Although the drug charges against Temirov were eventually dismissed, he faced expulsion from Kyrgyzstan to Russia in November 2022. The court found him guilty of "document forgery" related to his acquisition of Kyrgyz citizenship in 2008.

During the trial against Temirov and following his deportation from Kyrgyzstan, Temirov Live continued its operations. As Temirov relocated to live in exile in Europe, domestic affairs in Kyrgyzstan came under the management of his wife, Makhabat Tazhibek Kyzy.

=== The arrest of "the Kyrgyz 11" ===
In January 2024, 11 present and past staff members of Temirov Live, including Tazhibek kyzy, were arrested by Kyrgyz police on the same day, marking the most extensive crackdown on independent media in the history of Kyrgyzstan. The authorities claimed Temirov Live was "inciting mass unrest," but human rights groups saw the arrests as part of the Kyrgyz government's effort to silence critics.

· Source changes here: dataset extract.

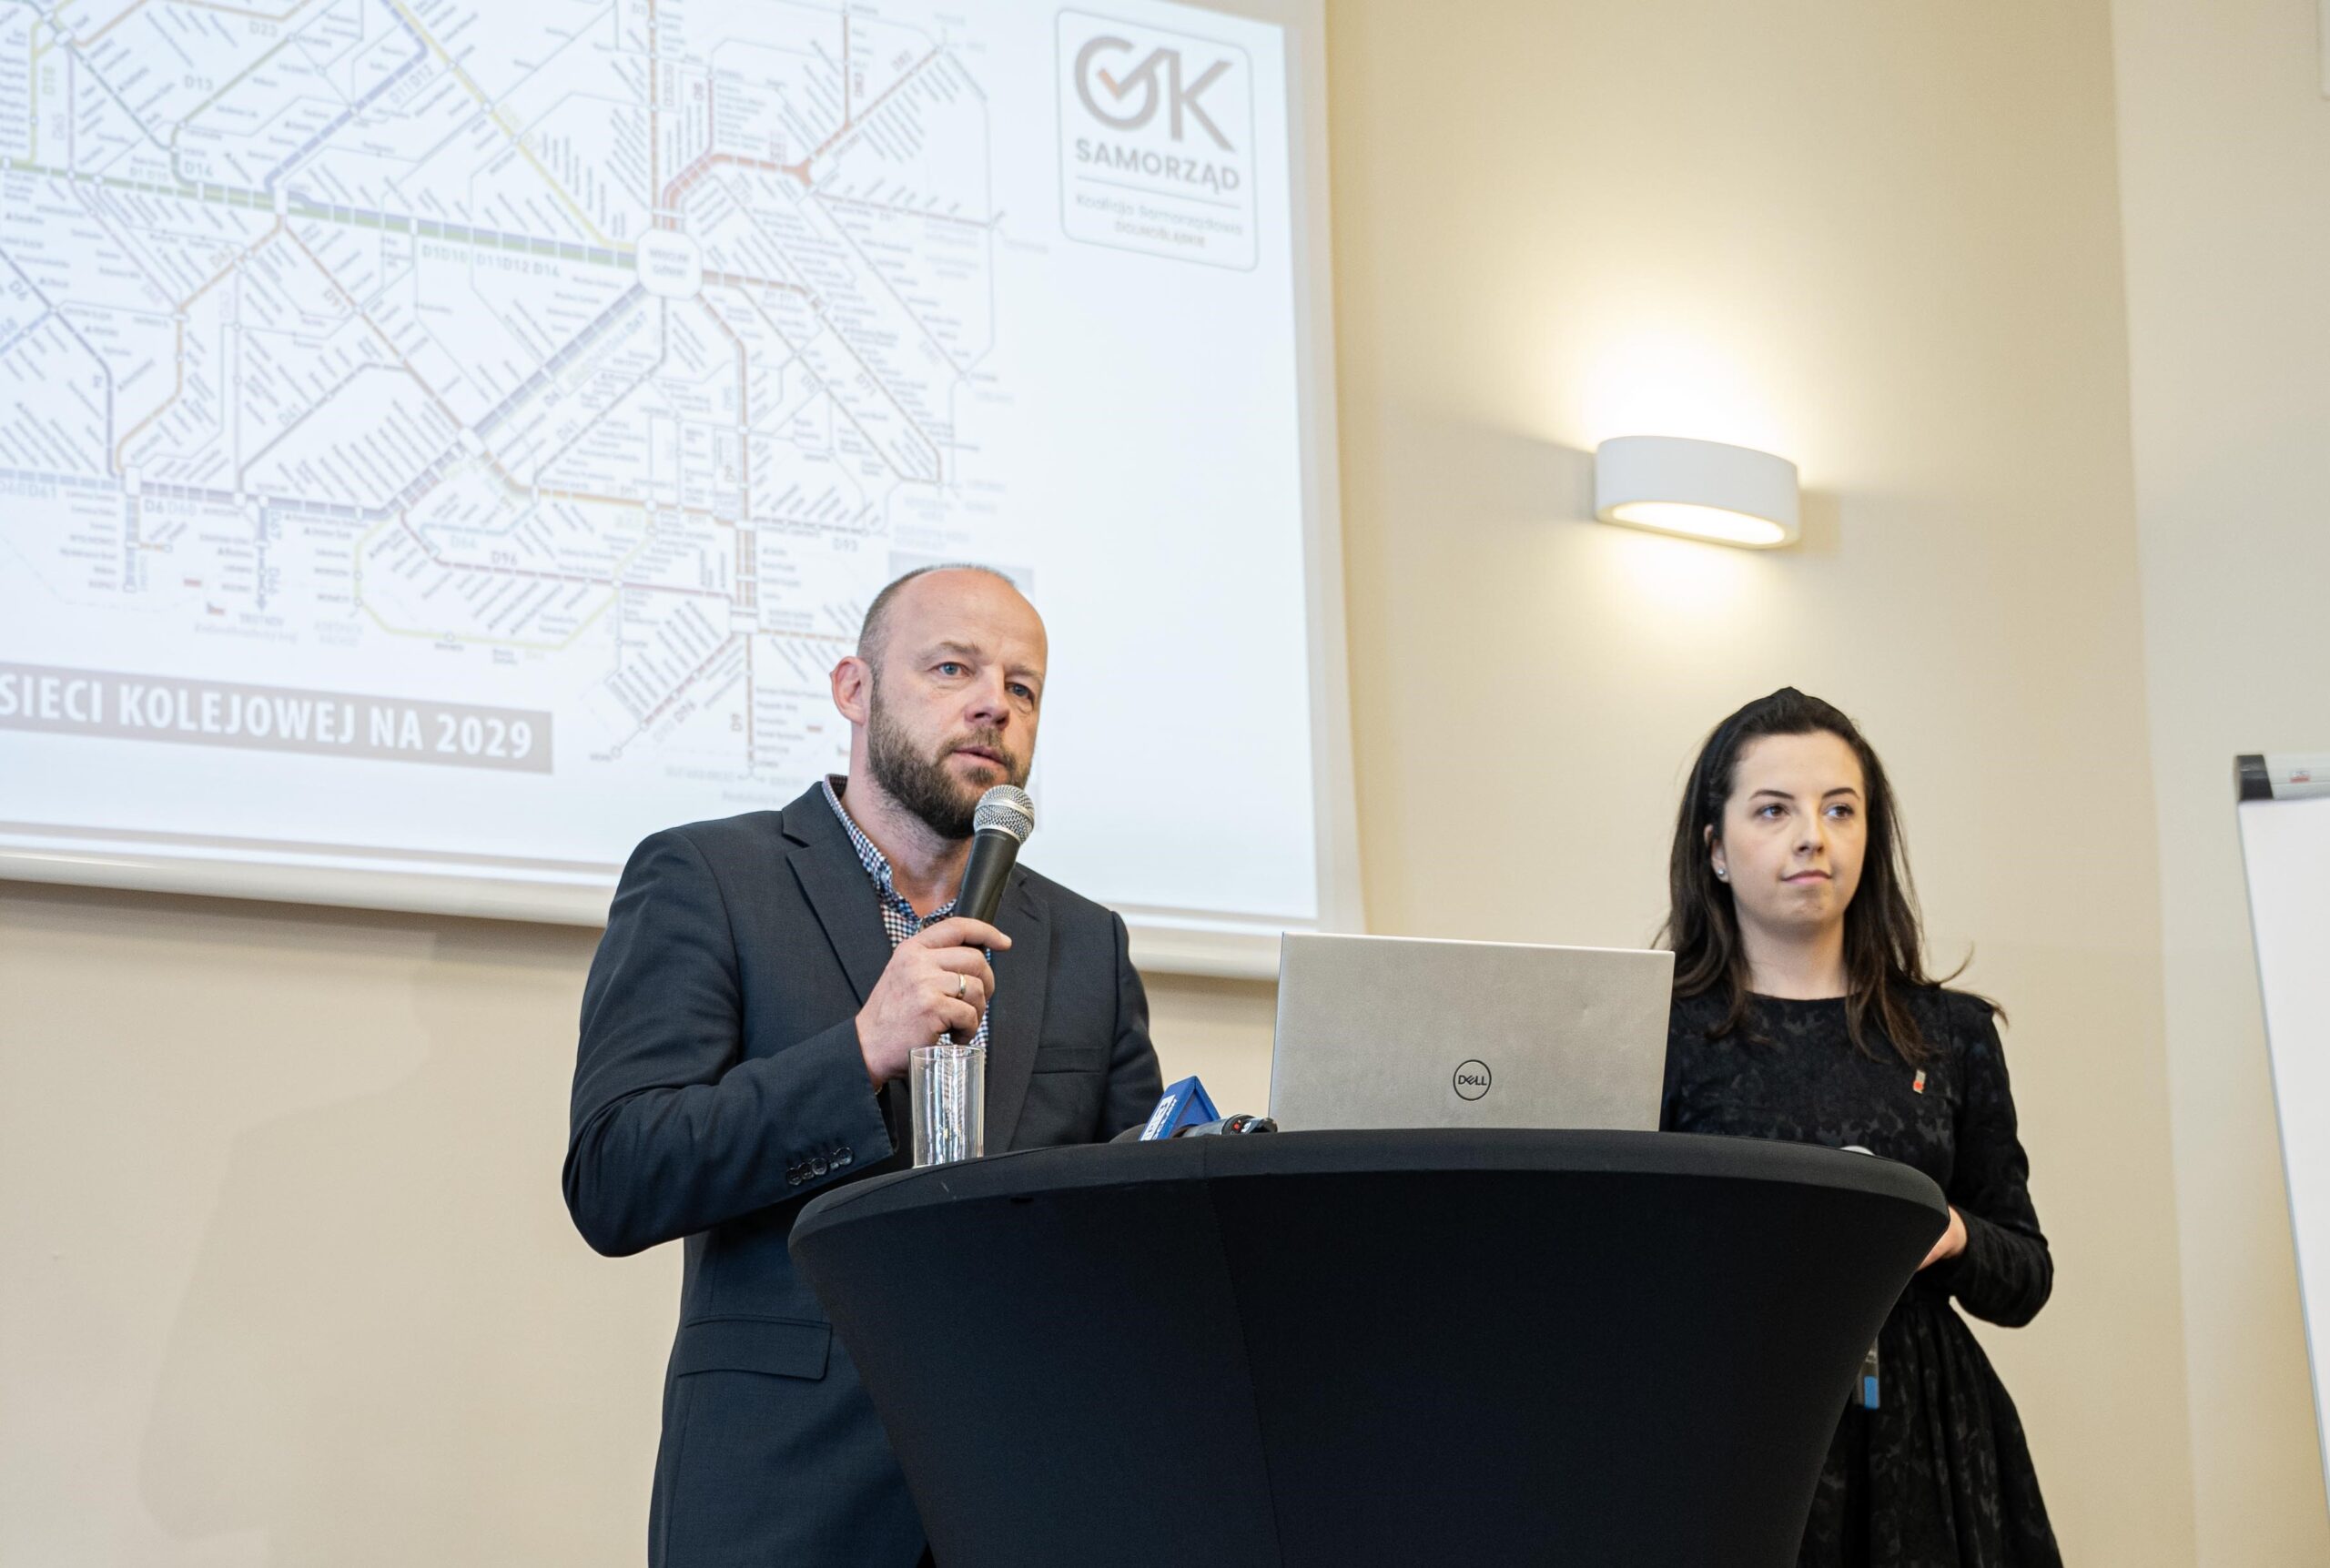 Iwona Budych i Patryk Wild prezentują swoją wizję rozwoju transportu publicznego na Dolnym Śląsku (fot. nadesłane)

Three months later, four out of the 11 detained journalists were placed under house arrest.

In October 2024, the Leninskiy District Court of Bishkek sentenced Tazhibek Kyzy to six years in prison. Another Temirov Live employee, human rights defender Azamat Ishembekov, received a five-year sentence. Two more employees received three years of probation. The court’s decision came despite widespread international appeals from human rights organizations urging the dismissal of charges against the journalists. In December 2024, the journalists' lawyer, Samat Matsakov, was arrested on fraud charges which human rights organisations described as being due to his representation of activists including members of Temirov Live.